Dress rehearsal for a nuclear emergency

Jun 20 - McClatchy-Tribune Regional News - Cathy Grimes Daily Press (Newport News, Va.)

 

Emergency personnel from Newport News filled the bleachers of Hines Middle School's gymnasium Wednesday morning, waiting for an evacuation order related to a nuclear incident at Surry Power Station.

There was no incident. Nor were any evacuations taking place. The group was participating in an emergency exercise meant to hone their skills and build "muscle memory" associated with monitoring and decontaminating evacuees and emergency crews potentially exposed to radiation, said Fire Chief Scott Liebold. "The primary goal is preparedness. None of us do this every day."

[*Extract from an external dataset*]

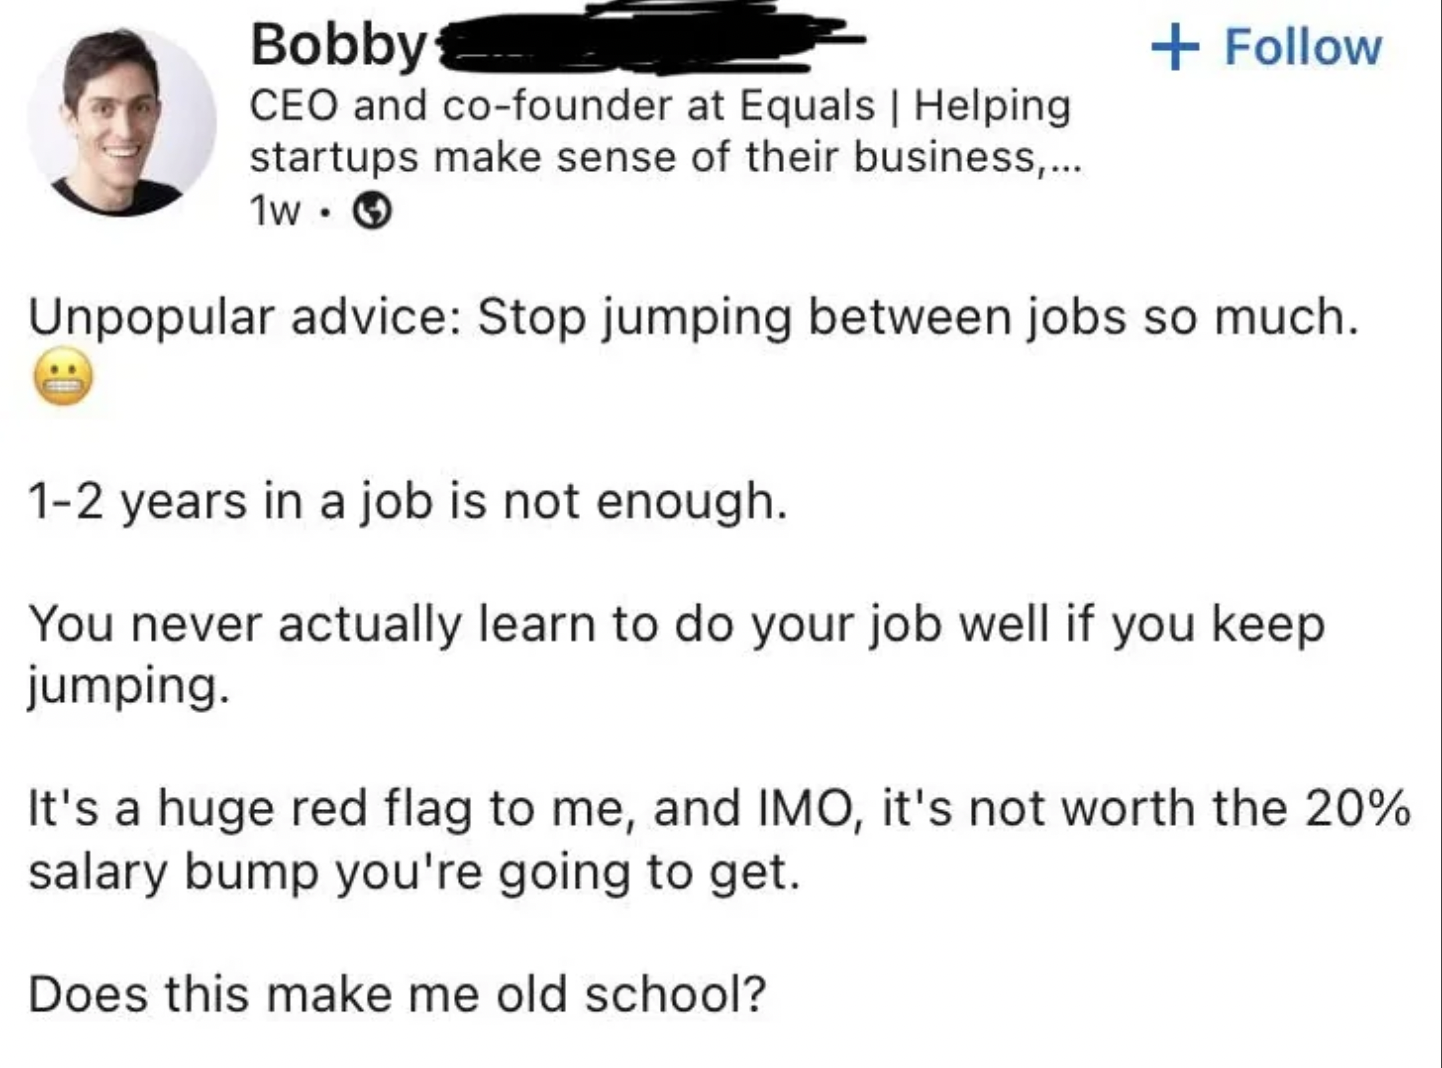 screenshot - Bobby Ceo and cofounder at Equals | Helping startups make sense of their business,... 1w Unpopular advice Stop jumping between jobs so much. 12 years in a job is not enough. You never actually learn to do your job well if you keep jumping. It

The exercise was assessed by Virginia Department of Emergency Management and Federal Emergency Management Agency evaluators, who quizzed responders throughout the event, then gave on-the-spot critiques of their work.

FEMA Technical Hazard Specialist Martin Vyenielo said his team was ensuring Newport News was prepared to handle an evacuation, checking equipment, people and vehicles for contamination.

Three zones in the north end of the city are within 10 miles of the Surry Power Station, a nuclear plant built in 1973 across the James River from the city. Every two years the cities and counties near the plant hold emergency drills and other exercises simulating a nuclear incident at the reactor.

In the event of an evacuation order related to a nuclear accident, the city must alert about 70,000 people, more than a third of its total population, and tell them to leave their homes in those neighborhoods and head to three designated emergency assessment centers, said Fire Captain Ed Holloway, a radiation officer during the drill.

Hines is one of the three centers. The two others are Warwick High School and Gildersleeve Middle School.

The assembled crew at Hines included city, fire and police department personnel as well as emergency shelter crews and Department of Health staff. Each had a role in the process of determining whether city residents were contaminated. They also would check emergency staff sent into the affected areas to gauge the level of contamination.

The scanning process involves waiting in lines, both in vehicles and on foot. Every car must be checked with a portal monitor that looks like an open gate, and with hand-held monitors. If nuclear contamination is found, the car is washed by crews in protective clothing, then rechecked. Crews will wash a car twice, but if it still registers radioactivity, it is quarantined.

People go through a similar process. They walk through a scanner similar to a metal detector that measures radiation exposure. If someone is contaminated, the person is taken to a locker room, where he or she showers, then is scanned again. Like vehicles, people wash twice, and if they still register high levels of exposure, they are taken to Riverside Medical Center or another hospital for treatment.

After people clear the scanners and are declared free of contamination, they register inside Hines. The health department gives them potassium iodine tablets and the people are free to head either to an emergency shelter or another site away from the contamination zone.

Liebold said that unlike many emergencies, a nuclear incident likely would unfold slowly, giving the emergency crews time to ramp up their assessment centers and emergency shelters and deploy police and fire personnel to the areas in the danger zone.

"We would have 12 to 24 hours to prepare, we hope," he said, adding that the emergency team would be in constant contact with the power station to monitor danger.

During Wednesday's exercise, about a dozen people were scanned for radiation, and two were determined to be contaminated. Vyenielo, the FEMA hazard specialist, closely watched the simulated decontamination process for one victim, quizzing the team as they worked. When the victim was declared free of contamination, his hand was stamped, a red-ink imprint declaring him "clean."

Vyenielo also assessed a team checking an emergency vehicle. They popped the hood, checked the air filter, then carefully ran counters over the grill, the tires, the intakes and the exhaust. Then they opened the doors and checked inside. The verdict: the air filter was contaminated. The vehicle was sent to "the dirty lot."

"Nicely done," Vyenielo said to the inspection team.

Wednesday's exercise was part of a series of nuclear incident reaction drills associated with the Virginia Operations Plan Exercise, a preparedness event that simulates a nuclear emergency. The exercises are run every other year in Hampton Roads. On July 16, Newport News will join Williamsburg and Surry, Isle of Wight, York and James City counties in a full-scale simulation of a nuclear contamination event.